Limitations of data on permanent exclusions

Validity problems…

According to this Guardian article, the figures do not take into account ‘informal exclusions’ or ‘off-rolling’ – where schools convince parents to withdraw their children without making a formal exclusion order – technically it’s then down to the parents to enrol their child at another institution or home-educate them, but in many cases this doesn’t happen.

According to research conducted by FFT Education Datalab up to 7, 700 students go missing from the school role between year 7 and year 11 when they are  supposed to sit their GCSEs…. Equivalent to a 1.4% drop out rate across from first enrolment at secondary school to GCSEs.

Datalabs took their figures from the annual school census and the DfE’s national pupil database. The cohort’s numbers were traced from year seven, the first year of secondary school, up until taking their GCSEs in 2017.

The entire cohort enrolled in year 7 in state schools in England in 2013 was 550,000 children

However, by time of sitting GCSEs:

  • 8,700 pupils were in alternative provision or pupil referral units,
  • nearly 2,500 had moved to special schools
  • 22,000 had left the state sector (an increase from 20,000 in 2014) Of the 22,000,
    • 3,000 had moved to mainstream private schools
    • Just under 4,000 were enrolled or sat their GCSEs at a variety of other education institutions.
    • 60% of the remaining 15,000 children were likely to have moved away from England, in some case to other parts of the UK such as Wales (used emigration data by age and internal migration data to estimate that around)
    • Leaves between 6,000 to 7,700 former pupils unaccounted for, who appear not to have sat any GCSE or equivalent qualifications or been counted in school data.

Working out the percentages this means that by GCSEs, the following percentages of the original year 7 cohort had been ‘moved on’ to other schools. 

  • 6% or 32, 000 students in all, 10, 00 of which were moved to ‘state funded alternative provision, e.g. Pupil Referral Units.
  • 4%, or 22K left the mainstream state sector altogether (presumably due to exclusion or ‘coerced withdrawal’ (i.e. off rolling), of which
  • 4%, or 7, 700 cannot be found in any educational records!
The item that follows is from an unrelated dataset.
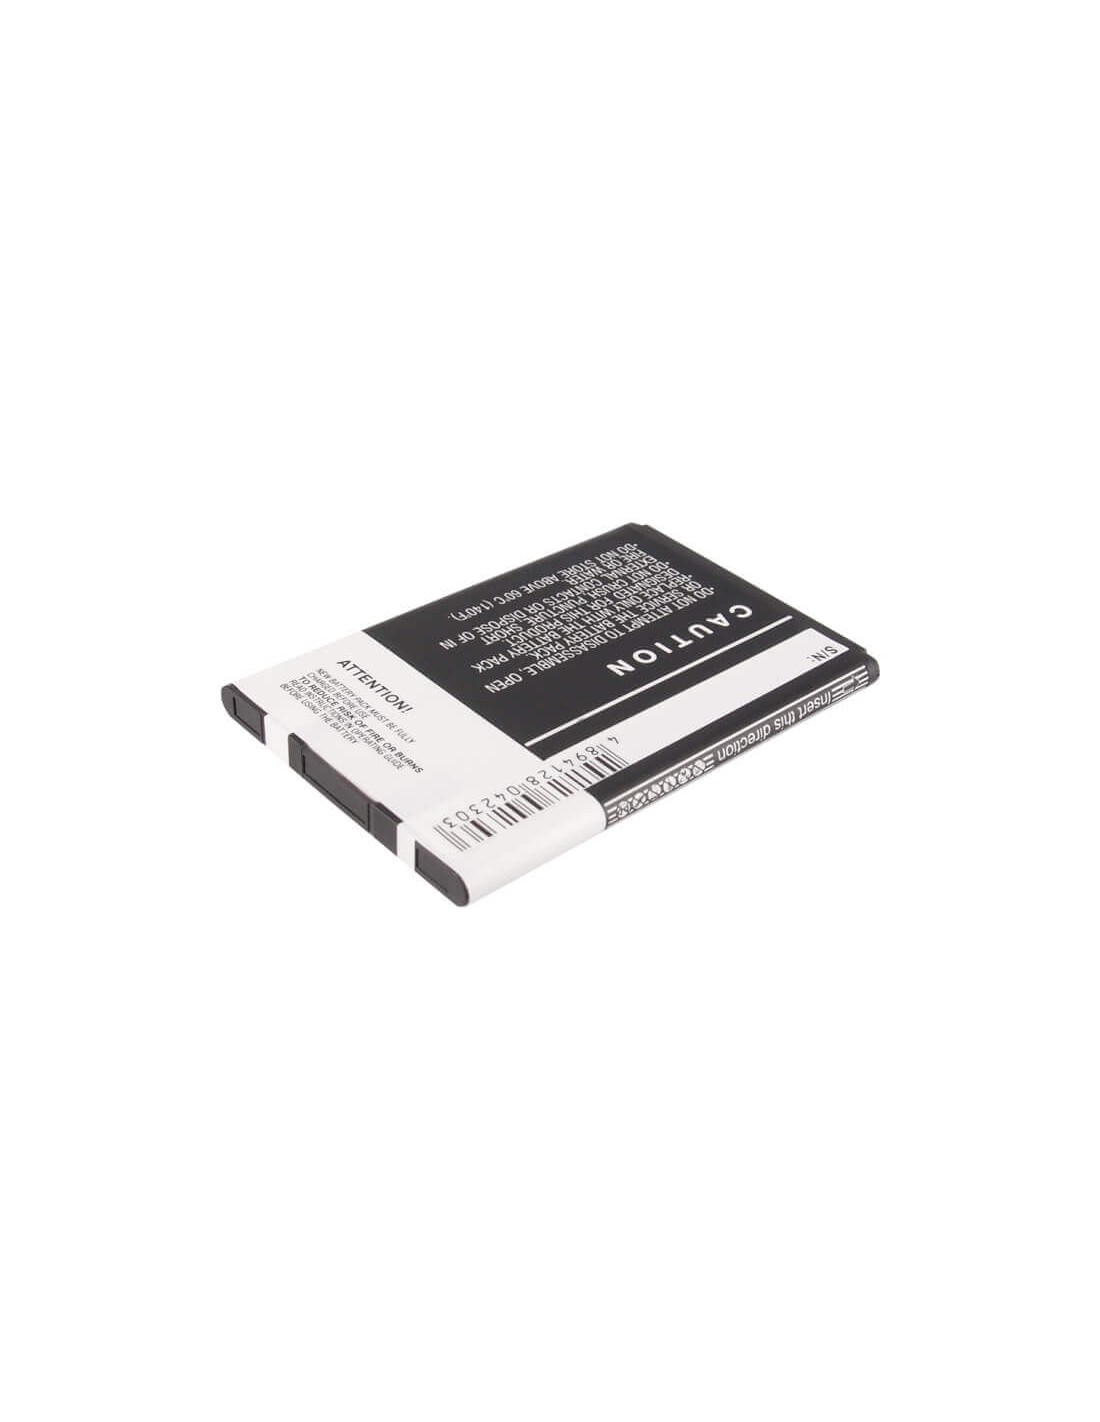 Battery for LG P970, Optimus Black, VS700 3.7V, 1500mAh - 5.55Wh
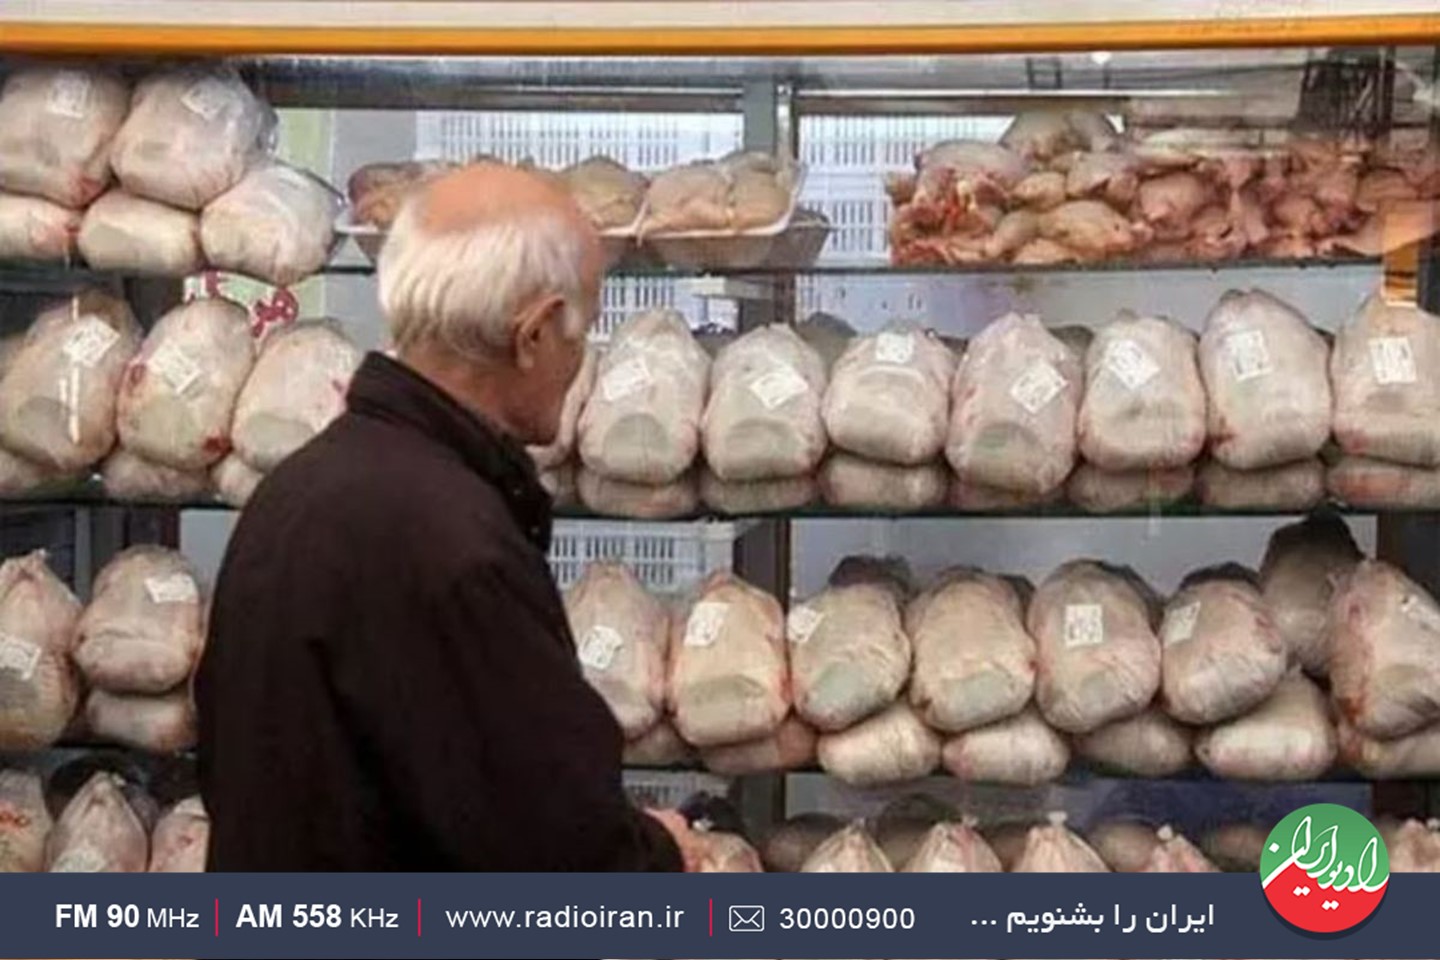 بررسی عرضه مرغ نیمایی در رادیو ایران

This Guardian article provides a decent summary of the research.

Further limitations of data on school exclusions

  • There is very little detail on why pupils were excluded, other than the ‘main reason’ formally recorded by the head teacher in all school. There is no information at all about the specific act or the broader context. Labelling theorists might have something to say about this!
  • There is a significant time gap between recording and publication of the data. This data was published in summer 2018 and covers exclusions in the academic year 2016-2017. Given that you might be looking at this in 2019 (data is published annually) and that there is probably a ‘long history’ behind many exclusions (i.e. pupils probably get more than one second chance), this data refers to events that happened 2 or more years ago.

Relevance of this to A-level sociology

This is of obvious relevance to the education module… it might be something of a wake up call that 4% of students leave mainstream secondary education before making it to GCSEs, and than 1.4% seem to end up out of education and not sitting GCSEs!

It’s also a good example of why independent longitudinal studies provide a more valid figure of exclusions (and ‘informal’ exclusions) than the official government statistics on this.

 

I’ll be producing more posts on why students get excluded, and on what happens to them when they do and the consequences for society in coming weeks.

 

This is a topic that interests me, shame it’s not a direct part of the A level sociology education spec!